Inaya Day (born Inaya Davis, January 17, 1977) is an American singer, best known for her vocal work on house music tracks such as "Horny '98" by Mousse T, and her cover version of "Nasty Girl" by Prince protégées Vanity 6.

Biography

Early career
Day started singing in church in Brooklyn, New York. She attended the prestigious High School of Music and the Performing Arts, and went on to study musical theater at the University of Bridgeport. She also appeared on Broadway, notably as understudy to Stephanie Mills as "Dorothy" in The Wiz, and stepped into the lead role in Washington, D.C. and St. Louis, Missouri.

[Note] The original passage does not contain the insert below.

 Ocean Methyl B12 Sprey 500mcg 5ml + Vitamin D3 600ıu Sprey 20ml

She has had extensive experience as a session musician, having appeared on tracks by Michael Jackson, Al Green, Puff Daddy, MC Lyte, Queen Latifah, Monie Love, Big Daddy Kane and Jonathan Butler. Day has also written songs for Randy Crawford and Bootsy Collins, and has writing credits on Missy Elliott's"Gossip Folks" (the second single from her Under Construction album), on which Day co-wrote the hook and provided backing vocals.

House music

Day was introduced to house music in 1996 when she was asked to do a demo. She met German record producers Boris Dlugosch and Mousse T, who produced a dance single "Keep Pushin", which went on to reach No. 2 on the Billboard dance charts. She then sang chorus for Mousse T's track "Horny", which later gained in popularity when additional vocals from the duo Hot 'N' Juicy were added to the song. "Horny" reached No. 1 on the Billboard dance chart. The follow-up song "Hold Your Head Up High", with Booom!, reached No. 6 on the Billboard dance chart.

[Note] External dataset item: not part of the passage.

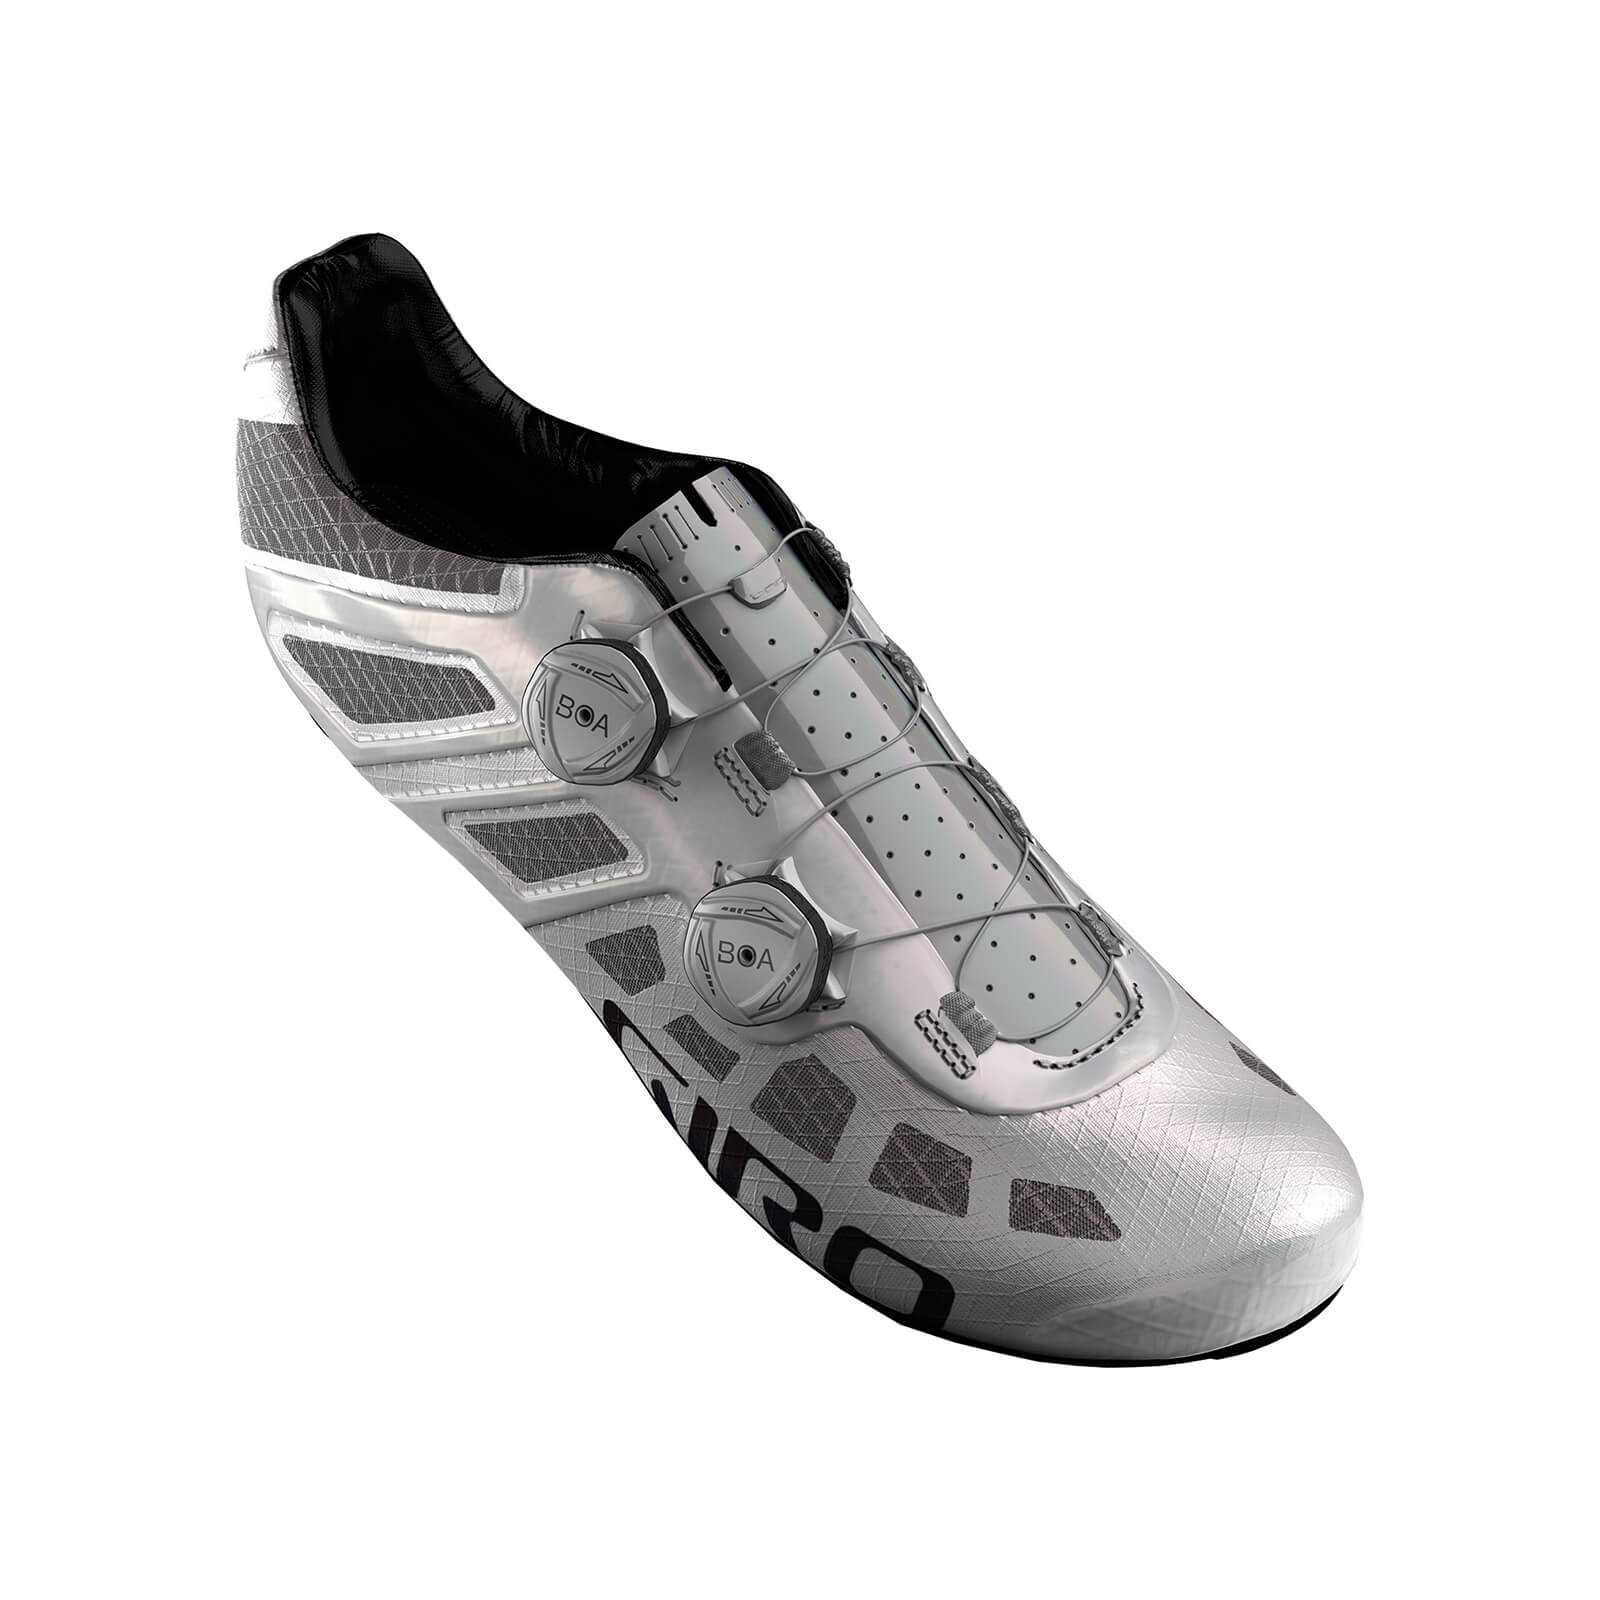 Giro Imperial Road Shoes - EU 44 - White

In 1997, she released the club anthem "Movin' Up", credited as DJ Mike Cruz Presents Inaya Day and Chyna Ro. For this record, long time friend and actress Tichina Arnold lent her vocals but chose to use the moniker Chyna Ro for the project. She again teamed up with Cruz for "Can't Stop Dancing" which reached No. 1 on the Billboard club play chart.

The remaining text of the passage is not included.